Data below:
....
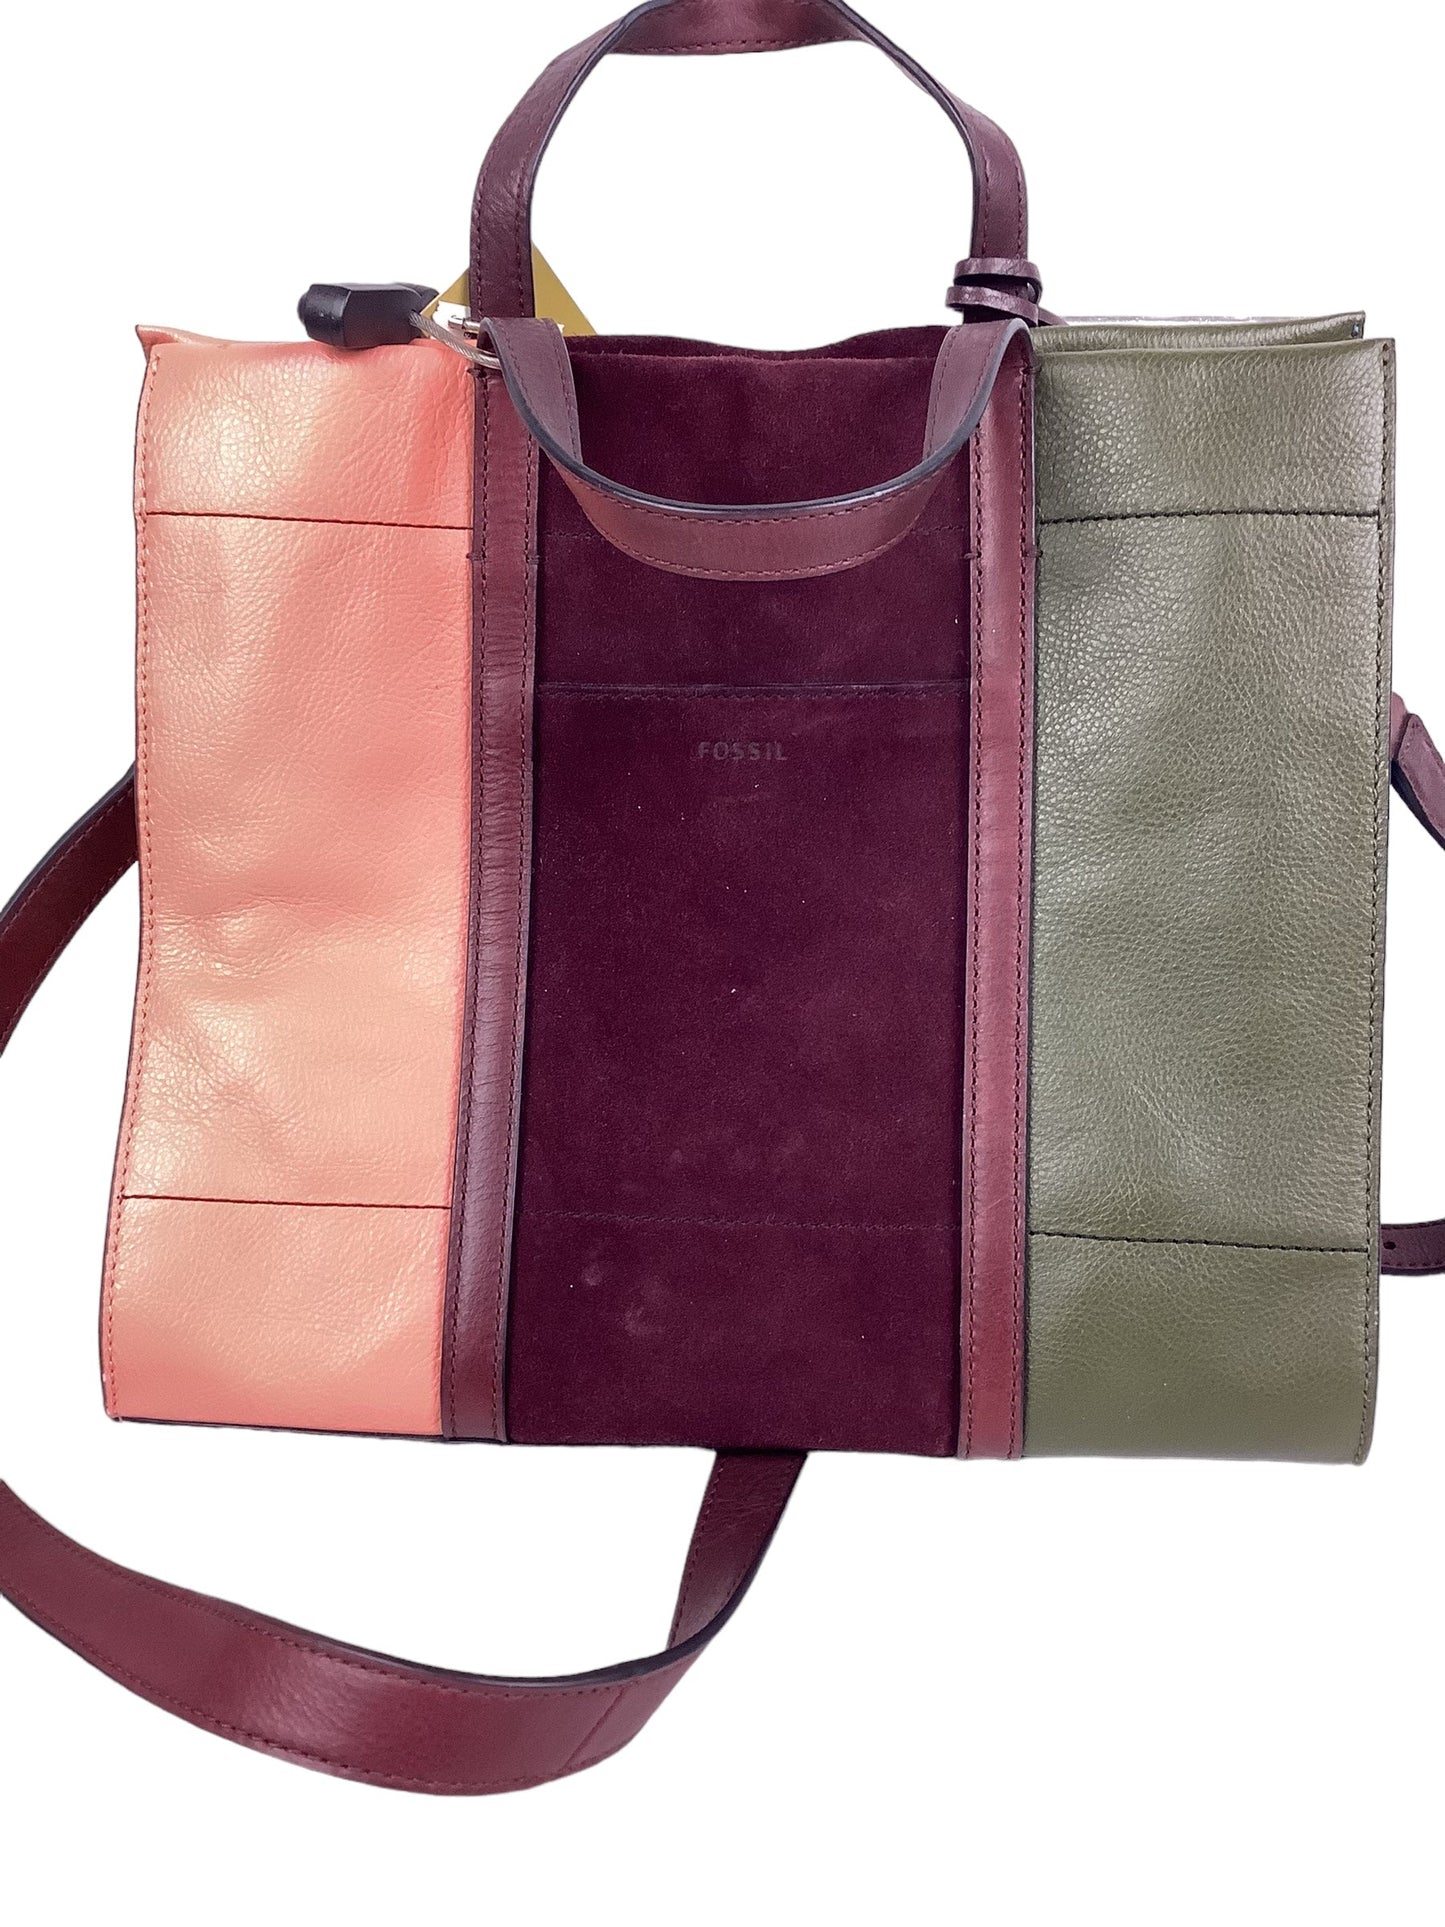 Handbag Designer Fossil, Size Medium
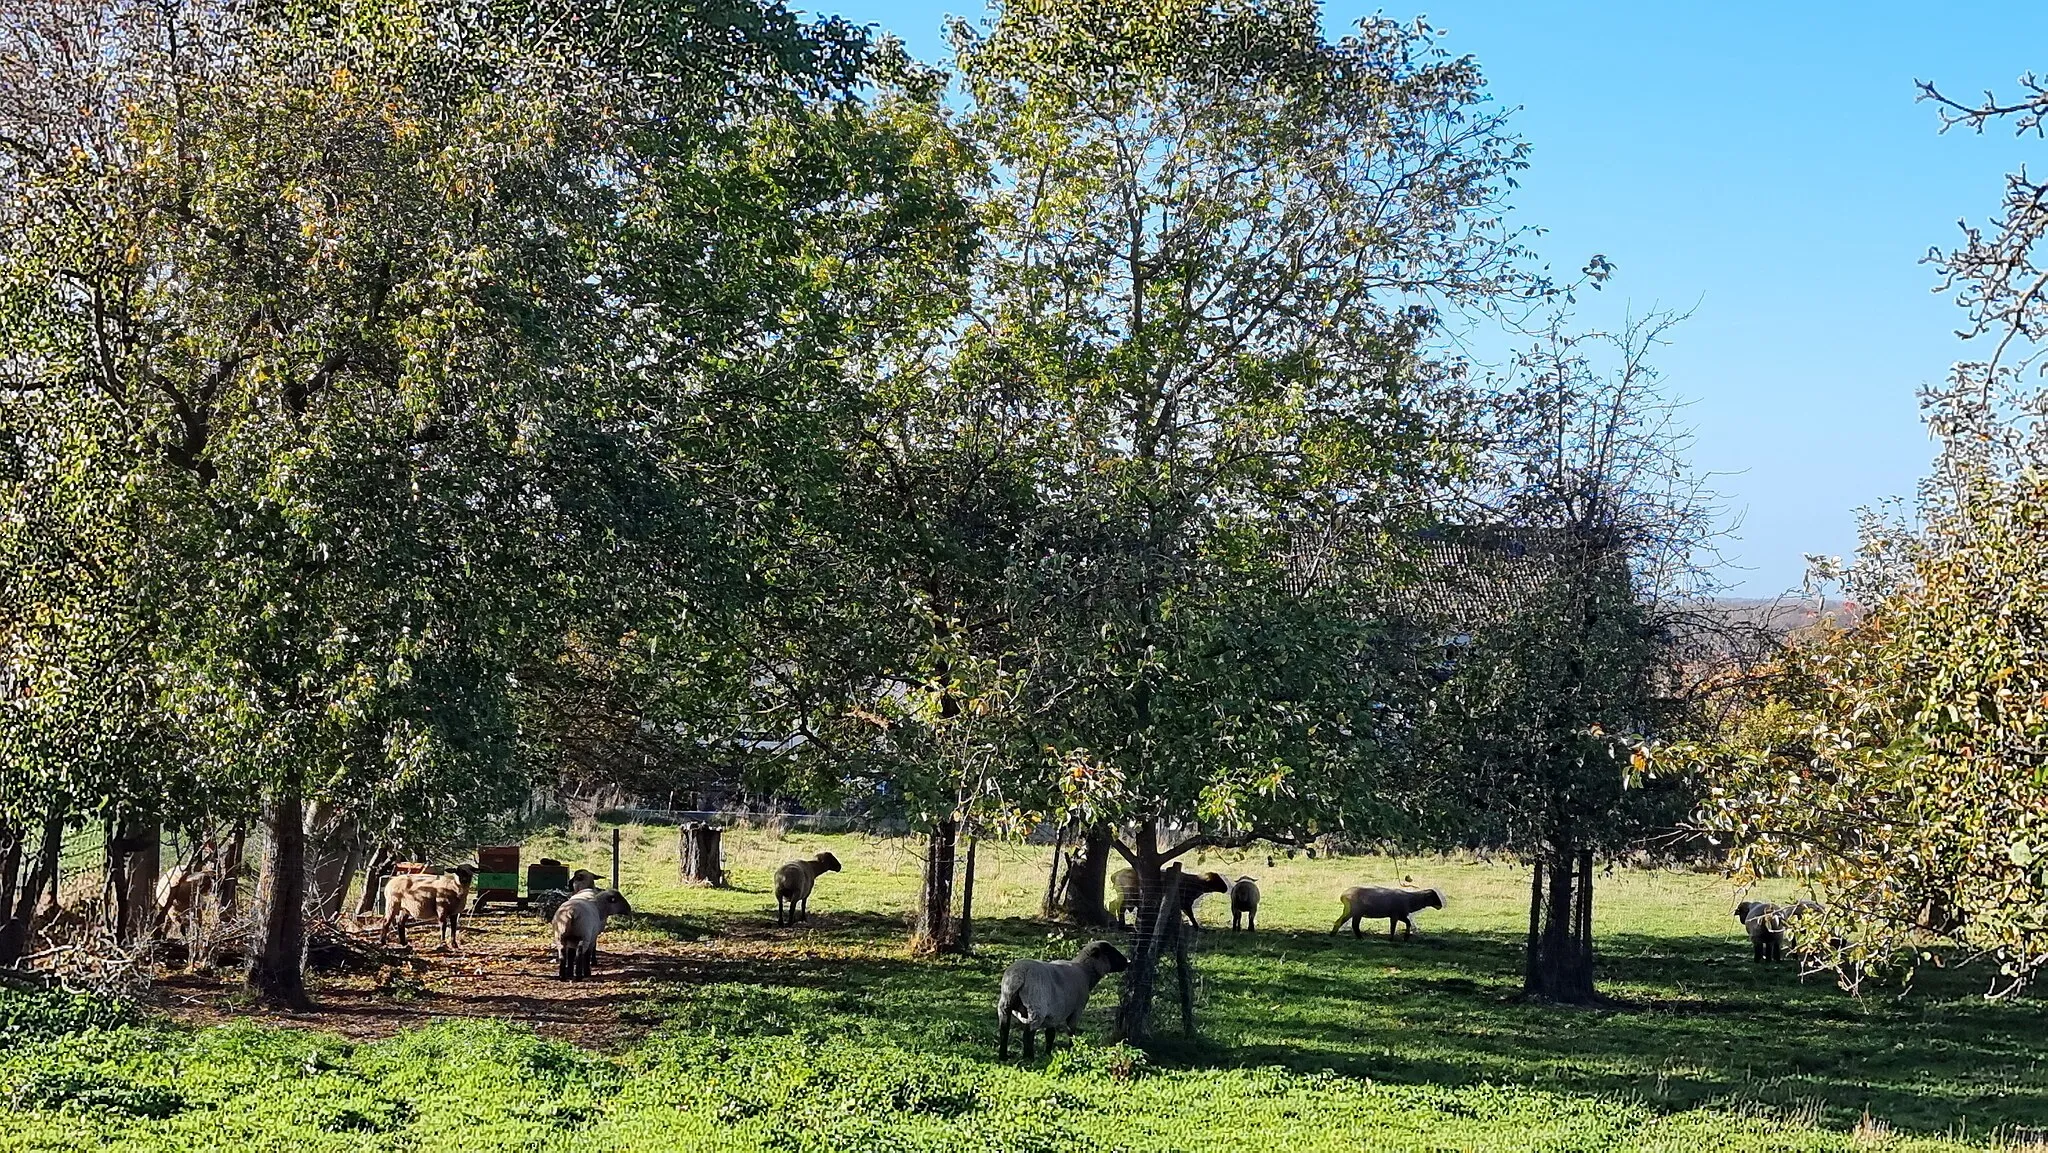 Photo showing: In Northen am Westhang vom Benther Berg wurde eine Streuobstwiese mit alten Obstbäumen eingehägt, die von Schafen gepflegt werden. Offenbar haben die Viecher etwas entdeckt ...
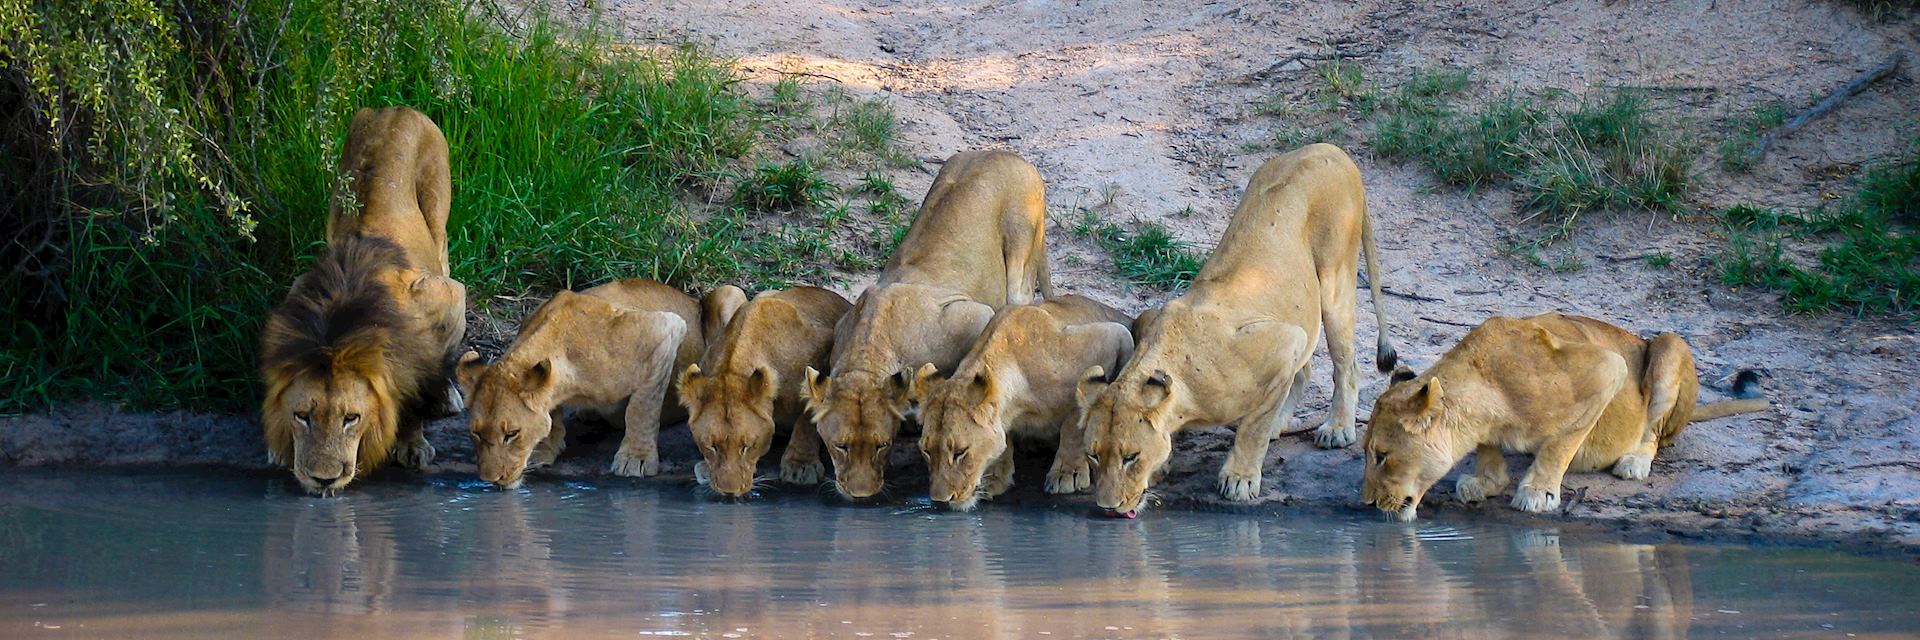 Pride of lion in Kruger National Park
....
Instructions to follow: Exact reproduction is required. Output only the lines from the one with "Photo showing: In" through the end of the listing above, both ends included, and no pictures.

Answer to this task:
 Photo showing: In Northen am Westhang vom Benther Berg wurde eine Streuobstwiese mit alten Obstbäumen eingehägt, die von Schafen gepflegt werden. Offenbar haben die Viecher etwas entdeckt ...
 Pride of lion in Kruger National Park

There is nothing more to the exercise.